To myself, I don’t look “sick”. I don’t even look like someone invisibly ill; after all, to best of my knowledge I don’t have Lupus or RA or Fibromyalgia or any number of other things that are not very visible externally but painful and tiring internally. I just can’t seem to get it together. To myself I look inattentive and idle, I look self-indulgent, I look easily distracted and flighty. How dare I use this serious condition for my own drama? How can I justify the lack of effort I put forth sometimes, the sheer volume of bitching and whining I do about things that are equally bad or much worse for other people, the absentmindedness? How dare I even co-opt terminology like “invisible illness” or “spoon shortage” when depression is the whole problem rather than one symptom among many and I don’t even experience that one symptom as severely as a lot of people do?

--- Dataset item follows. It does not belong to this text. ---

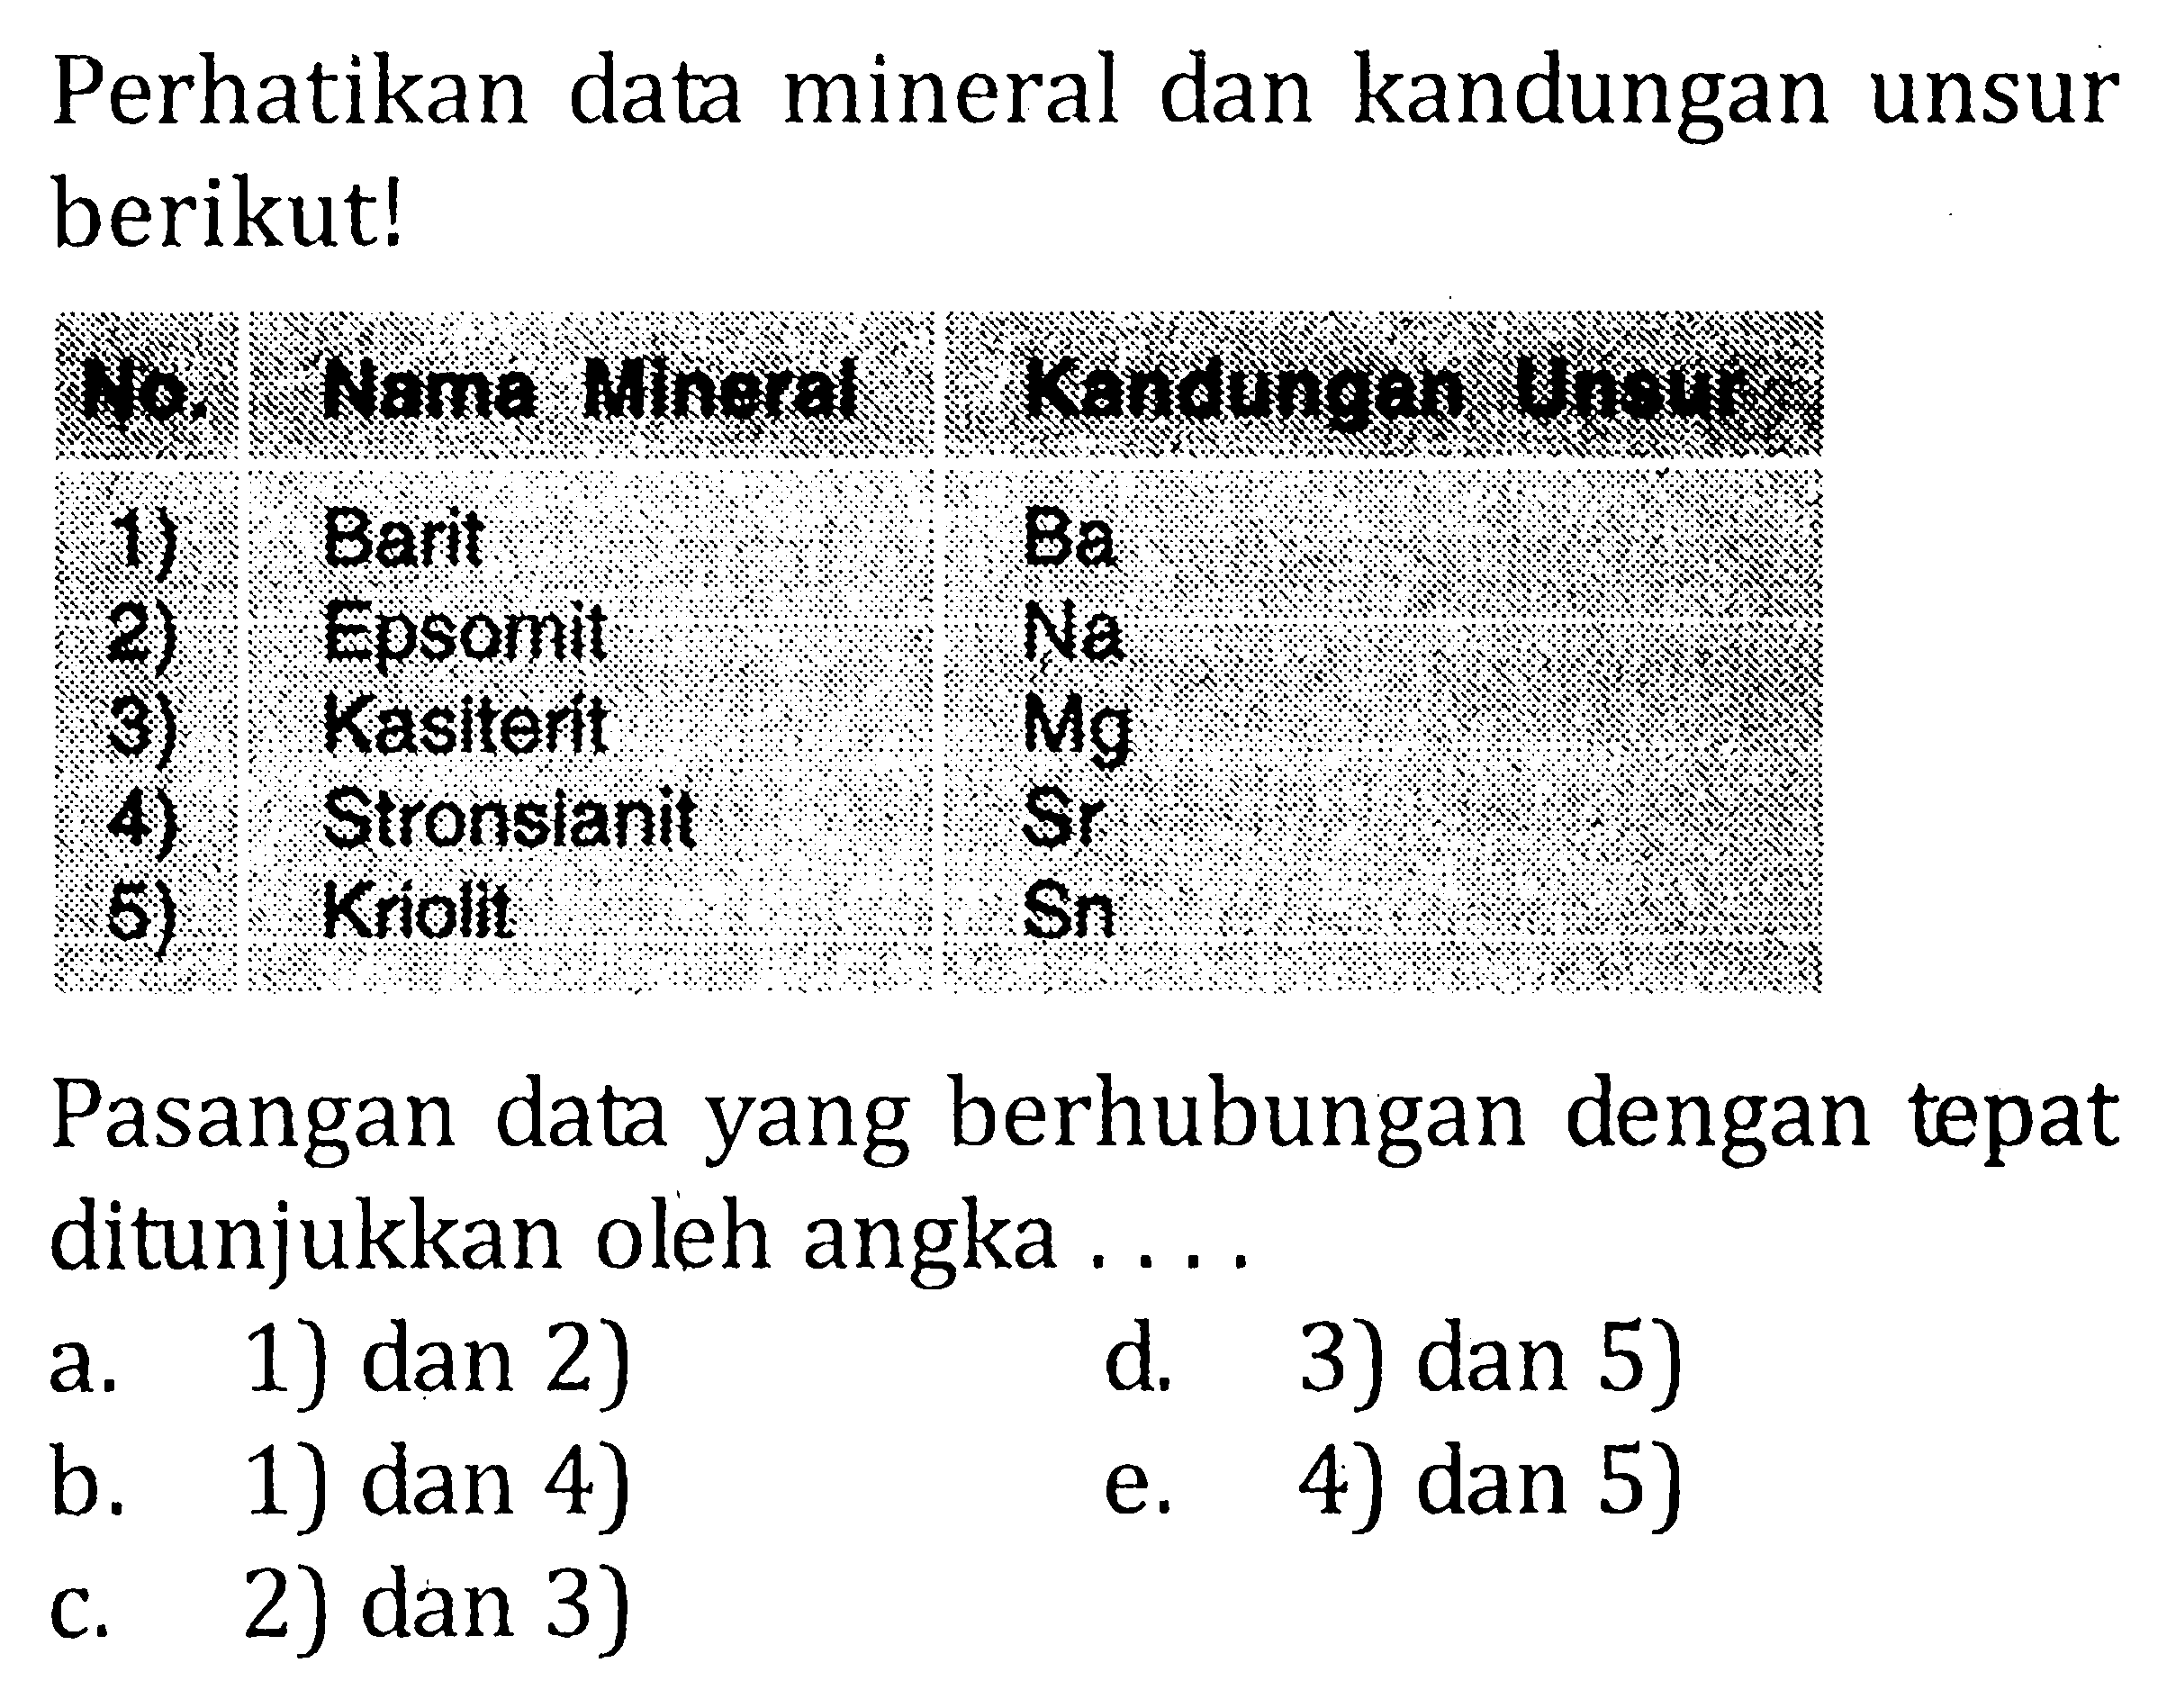 Perhatikan data mineral dan kandungan unsur berikut! No Nama Mineral Kandungan Unsur 1) Barit Ba 2) Epsomit Na 3) Kasiterit Mg 4) Stronsianit Sr 5) Kriolit Sn Pasangan data yang berhubungan dengan tepat ditunjukkan oleh angka .... 
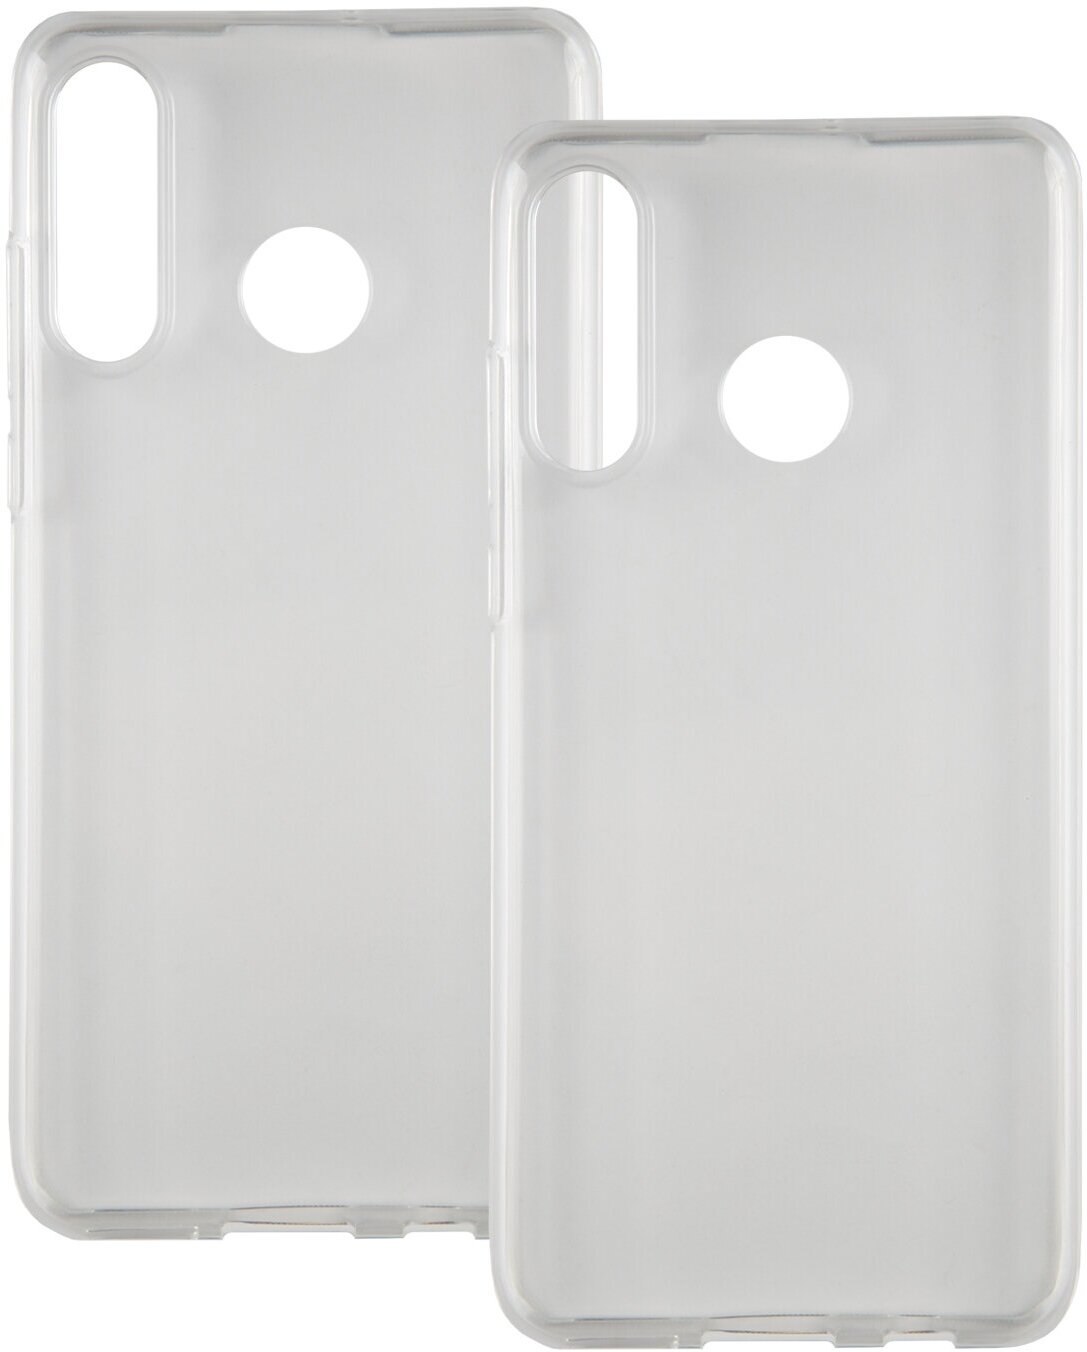 Накладка на Huawei P30 Lite/Силиконовый чехол для телефона Хуавей П30 Лайт/Бампер/Защита от царапин/Накладка силикон/Защитный чехол прозрачный, 2 шт.

Sometimes, that train of thought throws up a red flag and that gives me the foothold I need to calm the fuck down and get back on track. When I look at it all written down like that and I’m feeling relatively levelheaded much of it does rather seem to fall under the “obviously distorted thought patterns” heading. I mean, it’s a whole paragraph of cognitive errors. That other people have it worse does not invalidate my own problems; spoon theory is a really useful limited-energy metaphor even for those who are lucky enough to not usually have to worry about it; depression is real and does have a real effect on how much I can do in a given day. Etc. But those doubts are always there in the back of my mind, and it is not always possible for me to distinguish between reasonable, responsible, honest self-questioning and distortion.
Why am I rambling about this? I don’t know. Part of me wants to sort of defend myself, I guess, because if I perceive myself this way what must others think? I want to try to explain why it’s not entirely some inherent indolence or irresponsibility motivating my conduct. Part of me knows that there are people in my life who legitimately and genuinely do want to understand what’s going on with me and hopes that babbling about it here will help with that. I frankly suck at talking about this in person, because I feel so silly going on about being tired and sad for no apparent reason, but it’s easier to organize my thoughts here. Sometimes. To some extent I’m also just kind of talking it out, in hopes that even if it doesn’t help me find any answers, at least I will have this record to refer back to when the going gets rough and remind myself that I am probably not thinking clearly about what I’m feeling and how I’m perceiving myself.
I didn’t intend for this space to become a depression blog. It may lean in that direction for a while, though, while I work through this.